Neifert: People run on fast models until they actually care about something in detail. So they may want to analyze the performance in a specific place. Then you go from the fast models to the accurate models. You can use emulators and FPGAs for that.

LPHP: What you’re looking at here is more tools in your tool belt, right? You pick the one that works when you need it, which may be behavioral verification and formal verification in addition to functional verification.
Stahl: Yes. Customers will use whatever they can get a hold of.
Orme: That’s why we work with so many different EDA companies, which all have different approaches.
Neifert: I was talking with one customer who has an FPGA, an emulator, and virtual prototyping. At first they use whatever they can get, but after that—when they’re all available—they self-select depending on their requirements.

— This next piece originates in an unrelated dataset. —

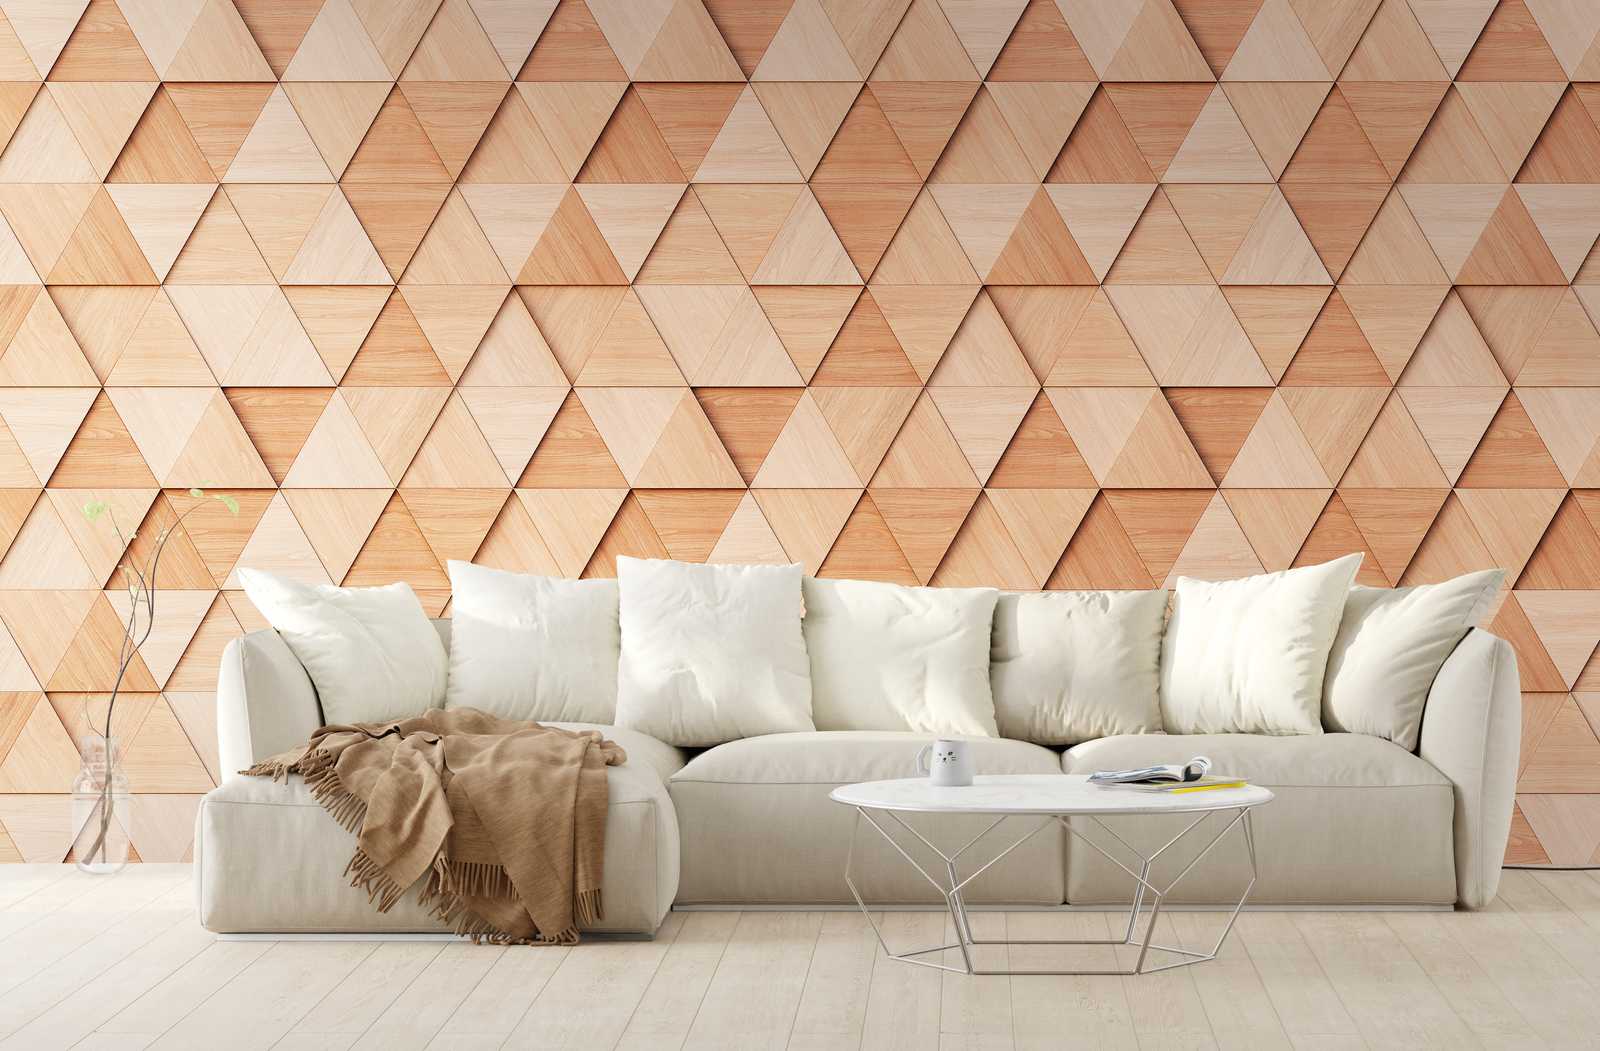             Wallpaper novelty - motif wallpaper wood-look design with 3D triangle pattern
        
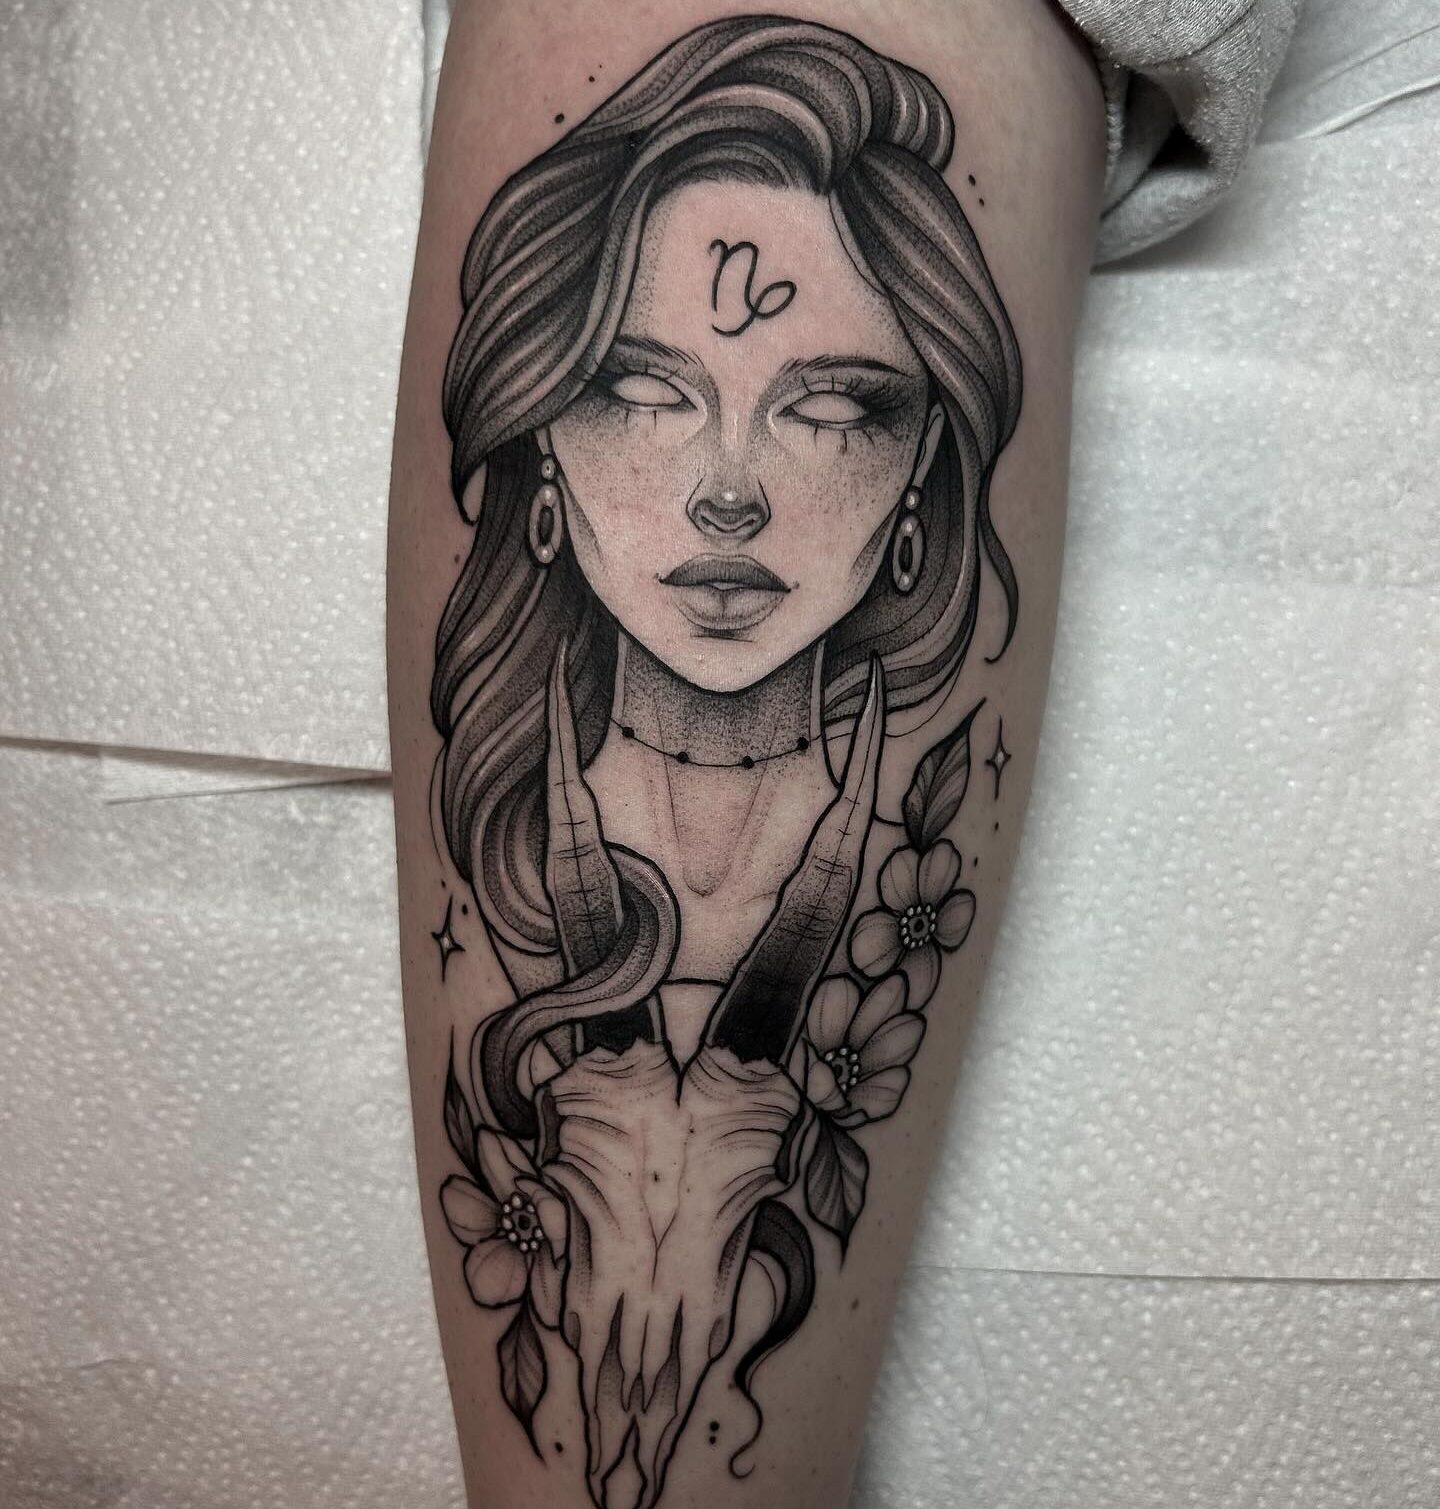 Capricorn Goddess tattoo located on the inner forearm

LPHP: Do customers really have that much choice?
Kalyanaraman: The tools are there right now at the higher level for architectural exploration, although there is less for performance exploration. A lot of companies are trying to bridge the gap between the individual pieces and when you put it all together. There is some measure between what the performance architect is trying to spec out and what the verification team is trying to do. You can at least try to bridge the gap by understanding what the interconnect issues could be, for example. There is emulation, and there are tools up front that deal with the interconnect. Expanding to the higher level, it would be good to have tool that can get that same kind of capability as emulation up front. At the system level can you detect performance issues?

LPHP: It sounds like we need standards for this.
Kalyanaraman: Today, architects are able to spec things out, but they cannot run anything because they can’t use emulation. That comes later in the cycle. We are able to put all the IPs together. How do we assess the performance?
Stahl: The architect specs out something. If he spends millions and millions of cycles on this spec on a good enough model, it should be correct. Why would you implement something that’s not worthy? But there should be a requirement to do more thorough simulation earlier. And your world should be fairly well explored before you start putting something together.
Neifert: We all have solutions in this space and ways to solve this. They all revolve around running various scenarios so you have an executable spec that’s an accurate representation. At a bare minimum it should include the interconnect, but you also should have the memory subsystem tied in there, as well. Hopefully your highest traffic generators have been flushed out as accurately as possible, as well. Otherwise, when you tie this all together into a real system it won’t work at the performance level you thought it would. The earlier you get that running, as accurately as possible, the better. If you’re waiting for emulation to do it, you’re too late.
Kalyanaraman: One thing that would help is that for companies that make IP, along with they IP they give model signatures. I don’t need the signatures to run a test. But I do need the model signatures so that I can push it through my traffic generator. If you want to operate IP on a certain mode or change a knob, you need to know everything the IP can do and how it reacts to things. Today we are integrating AXI DFM because our common bus standard is AXI. That does not represent the true signature of these IPs.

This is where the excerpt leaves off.